# [The task]
Copy verbatim the block of lines in the entries below whose first line contains "Siempre es verano" and whose last line contains "Vision Optimizer (90". Leave out all other lines.

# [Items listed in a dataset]
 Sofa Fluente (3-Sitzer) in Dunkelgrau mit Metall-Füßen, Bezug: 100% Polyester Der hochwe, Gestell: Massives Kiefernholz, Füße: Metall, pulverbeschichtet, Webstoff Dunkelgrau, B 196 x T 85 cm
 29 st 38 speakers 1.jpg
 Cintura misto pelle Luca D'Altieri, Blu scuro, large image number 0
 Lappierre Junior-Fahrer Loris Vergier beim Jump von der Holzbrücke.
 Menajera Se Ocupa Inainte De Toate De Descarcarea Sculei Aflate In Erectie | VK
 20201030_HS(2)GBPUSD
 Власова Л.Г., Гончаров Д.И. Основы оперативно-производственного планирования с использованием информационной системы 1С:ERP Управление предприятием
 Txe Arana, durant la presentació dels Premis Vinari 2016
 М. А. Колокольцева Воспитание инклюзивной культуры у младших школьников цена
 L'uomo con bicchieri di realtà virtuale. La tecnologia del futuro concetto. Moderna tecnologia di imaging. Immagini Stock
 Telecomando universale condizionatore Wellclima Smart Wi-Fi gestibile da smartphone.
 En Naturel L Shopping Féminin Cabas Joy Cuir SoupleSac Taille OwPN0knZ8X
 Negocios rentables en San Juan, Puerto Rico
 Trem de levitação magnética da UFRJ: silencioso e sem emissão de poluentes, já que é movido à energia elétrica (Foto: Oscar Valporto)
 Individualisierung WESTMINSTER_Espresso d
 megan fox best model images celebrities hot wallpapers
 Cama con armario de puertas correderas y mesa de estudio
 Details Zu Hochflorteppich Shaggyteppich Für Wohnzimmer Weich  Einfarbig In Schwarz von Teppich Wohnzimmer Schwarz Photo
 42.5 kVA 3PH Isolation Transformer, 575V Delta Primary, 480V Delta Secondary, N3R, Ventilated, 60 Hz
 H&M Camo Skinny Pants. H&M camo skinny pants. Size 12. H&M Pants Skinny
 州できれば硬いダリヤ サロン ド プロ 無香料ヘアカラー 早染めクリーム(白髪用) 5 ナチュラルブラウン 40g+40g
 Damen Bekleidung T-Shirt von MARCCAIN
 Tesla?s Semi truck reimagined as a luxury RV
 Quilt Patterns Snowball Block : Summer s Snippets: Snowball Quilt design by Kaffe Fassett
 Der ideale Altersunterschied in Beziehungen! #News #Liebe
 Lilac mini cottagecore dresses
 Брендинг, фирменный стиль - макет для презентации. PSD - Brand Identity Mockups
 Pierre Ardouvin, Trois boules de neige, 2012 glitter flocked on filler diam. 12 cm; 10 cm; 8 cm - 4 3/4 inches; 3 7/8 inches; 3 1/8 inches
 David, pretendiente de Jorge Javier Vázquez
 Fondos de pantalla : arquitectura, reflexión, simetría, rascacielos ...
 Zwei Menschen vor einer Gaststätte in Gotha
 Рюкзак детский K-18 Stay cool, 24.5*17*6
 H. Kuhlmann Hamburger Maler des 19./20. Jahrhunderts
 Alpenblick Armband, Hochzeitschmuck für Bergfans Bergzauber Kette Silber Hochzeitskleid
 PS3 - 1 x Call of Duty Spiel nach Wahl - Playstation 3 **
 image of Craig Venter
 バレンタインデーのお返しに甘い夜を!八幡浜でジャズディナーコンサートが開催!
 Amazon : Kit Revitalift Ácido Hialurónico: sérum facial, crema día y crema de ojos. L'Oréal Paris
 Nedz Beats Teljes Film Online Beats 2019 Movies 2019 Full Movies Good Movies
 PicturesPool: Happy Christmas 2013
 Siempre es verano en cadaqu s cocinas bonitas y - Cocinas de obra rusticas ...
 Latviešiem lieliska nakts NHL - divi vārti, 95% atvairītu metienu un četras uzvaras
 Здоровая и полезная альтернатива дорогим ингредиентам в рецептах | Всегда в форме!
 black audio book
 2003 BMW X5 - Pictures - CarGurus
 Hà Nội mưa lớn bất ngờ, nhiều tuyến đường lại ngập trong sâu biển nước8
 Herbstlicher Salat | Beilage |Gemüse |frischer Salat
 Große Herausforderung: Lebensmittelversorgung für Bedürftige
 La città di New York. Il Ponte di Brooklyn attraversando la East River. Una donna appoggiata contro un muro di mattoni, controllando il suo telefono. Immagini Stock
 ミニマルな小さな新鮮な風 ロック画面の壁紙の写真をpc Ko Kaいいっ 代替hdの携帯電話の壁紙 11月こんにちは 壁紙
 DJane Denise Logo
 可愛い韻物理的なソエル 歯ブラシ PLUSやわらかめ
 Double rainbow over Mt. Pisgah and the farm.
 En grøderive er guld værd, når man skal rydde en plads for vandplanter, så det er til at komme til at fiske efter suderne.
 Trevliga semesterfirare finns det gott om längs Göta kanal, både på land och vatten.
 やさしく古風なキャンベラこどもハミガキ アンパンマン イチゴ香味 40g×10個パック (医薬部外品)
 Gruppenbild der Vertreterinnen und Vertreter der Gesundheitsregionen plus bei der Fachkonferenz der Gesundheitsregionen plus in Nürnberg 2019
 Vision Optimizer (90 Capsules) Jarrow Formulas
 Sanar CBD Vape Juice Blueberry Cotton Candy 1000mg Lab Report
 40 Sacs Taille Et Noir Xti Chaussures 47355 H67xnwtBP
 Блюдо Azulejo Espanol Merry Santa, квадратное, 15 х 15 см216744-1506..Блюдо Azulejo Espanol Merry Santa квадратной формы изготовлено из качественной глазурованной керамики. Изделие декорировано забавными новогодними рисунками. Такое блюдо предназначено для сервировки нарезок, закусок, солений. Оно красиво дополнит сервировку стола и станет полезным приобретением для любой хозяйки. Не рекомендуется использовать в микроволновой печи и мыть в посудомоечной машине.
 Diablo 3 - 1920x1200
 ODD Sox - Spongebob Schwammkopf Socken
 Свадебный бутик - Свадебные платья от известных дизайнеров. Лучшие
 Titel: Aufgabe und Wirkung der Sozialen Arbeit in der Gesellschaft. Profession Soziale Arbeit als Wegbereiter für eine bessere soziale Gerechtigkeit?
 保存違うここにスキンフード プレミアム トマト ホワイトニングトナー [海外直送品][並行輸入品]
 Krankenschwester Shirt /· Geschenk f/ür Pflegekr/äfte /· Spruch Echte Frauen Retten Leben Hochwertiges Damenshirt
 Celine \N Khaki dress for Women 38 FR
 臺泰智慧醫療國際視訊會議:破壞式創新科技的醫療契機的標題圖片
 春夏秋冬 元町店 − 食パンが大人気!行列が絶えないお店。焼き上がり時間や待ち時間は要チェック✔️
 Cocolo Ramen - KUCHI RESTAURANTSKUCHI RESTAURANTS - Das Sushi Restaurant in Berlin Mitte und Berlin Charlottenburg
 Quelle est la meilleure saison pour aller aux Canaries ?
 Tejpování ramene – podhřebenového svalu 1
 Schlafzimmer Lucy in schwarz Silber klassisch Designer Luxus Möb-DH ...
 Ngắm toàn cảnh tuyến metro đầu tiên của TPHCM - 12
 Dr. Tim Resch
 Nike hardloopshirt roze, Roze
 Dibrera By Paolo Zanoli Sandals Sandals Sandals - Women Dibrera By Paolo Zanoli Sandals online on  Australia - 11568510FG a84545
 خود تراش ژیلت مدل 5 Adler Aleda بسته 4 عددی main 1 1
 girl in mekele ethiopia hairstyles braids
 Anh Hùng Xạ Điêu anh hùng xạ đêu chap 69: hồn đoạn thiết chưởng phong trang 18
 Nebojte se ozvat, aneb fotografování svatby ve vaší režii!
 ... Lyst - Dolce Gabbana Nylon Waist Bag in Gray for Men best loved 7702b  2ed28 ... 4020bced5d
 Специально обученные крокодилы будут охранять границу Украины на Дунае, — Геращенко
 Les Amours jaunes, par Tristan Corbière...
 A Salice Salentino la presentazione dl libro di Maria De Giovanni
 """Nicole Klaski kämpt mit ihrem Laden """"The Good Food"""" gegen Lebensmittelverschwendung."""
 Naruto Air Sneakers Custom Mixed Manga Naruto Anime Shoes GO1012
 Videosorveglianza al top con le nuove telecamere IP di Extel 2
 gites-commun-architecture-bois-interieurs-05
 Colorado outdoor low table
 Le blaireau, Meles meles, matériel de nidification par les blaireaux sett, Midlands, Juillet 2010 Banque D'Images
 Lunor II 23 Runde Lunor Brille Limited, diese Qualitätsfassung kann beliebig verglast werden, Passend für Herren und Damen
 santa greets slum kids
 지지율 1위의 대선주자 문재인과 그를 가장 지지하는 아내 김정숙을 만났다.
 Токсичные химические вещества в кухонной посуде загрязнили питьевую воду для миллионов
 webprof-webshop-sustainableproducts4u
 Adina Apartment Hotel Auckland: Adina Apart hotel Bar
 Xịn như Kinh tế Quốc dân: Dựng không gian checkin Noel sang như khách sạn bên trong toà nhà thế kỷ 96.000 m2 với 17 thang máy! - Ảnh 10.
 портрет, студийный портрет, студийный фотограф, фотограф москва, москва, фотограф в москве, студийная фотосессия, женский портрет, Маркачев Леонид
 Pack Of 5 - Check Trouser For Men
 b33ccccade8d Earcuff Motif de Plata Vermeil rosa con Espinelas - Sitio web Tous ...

# [Answer to this task]
 Siempre es verano en cadaqu s cocinas bonitas y - Cocinas de obra rusticas ...
 Latviešiem lieliska nakts NHL - divi vārti, 95% atvairītu metienu un četras uzvaras
 Здоровая и полезная альтернатива дорогим ингредиентам в рецептах | Всегда в форме!
 black audio book
 2003 BMW X5 - Pictures - CarGurus
 Hà Nội mưa lớn bất ngờ, nhiều tuyến đường lại ngập trong sâu biển nước8
 Herbstlicher Salat | Beilage |Gemüse |frischer Salat
 Große Herausforderung: Lebensmittelversorgung für Bedürftige
 La città di New York. Il Ponte di Brooklyn attraversando la East River. Una donna appoggiata contro un muro di mattoni, controllando il suo telefono. Immagini Stock
 ミニマルな小さな新鮮な風 ロック画面の壁紙の写真をpc Ko Kaいいっ 代替hdの携帯電話の壁紙 11月こんにちは 壁紙
 DJane Denise Logo
 可愛い韻物理的なソエル 歯ブラシ PLUSやわらかめ
 Double rainbow over Mt. Pisgah and the farm.
 En grøderive er guld værd, når man skal rydde en plads for vandplanter, så det er til at komme til at fiske efter suderne.
 Trevliga semesterfirare finns det gott om längs Göta kanal, både på land och vatten.
 やさしく古風なキャンベラこどもハミガキ アンパンマン イチゴ香味 40g×10個パック (医薬部外品)
 Gruppenbild der Vertreterinnen und Vertreter der Gesundheitsregionen plus bei der Fachkonferenz der Gesundheitsregionen plus in Nürnberg 2019
 Vision Optimizer (90 Capsules) Jarrow Formulas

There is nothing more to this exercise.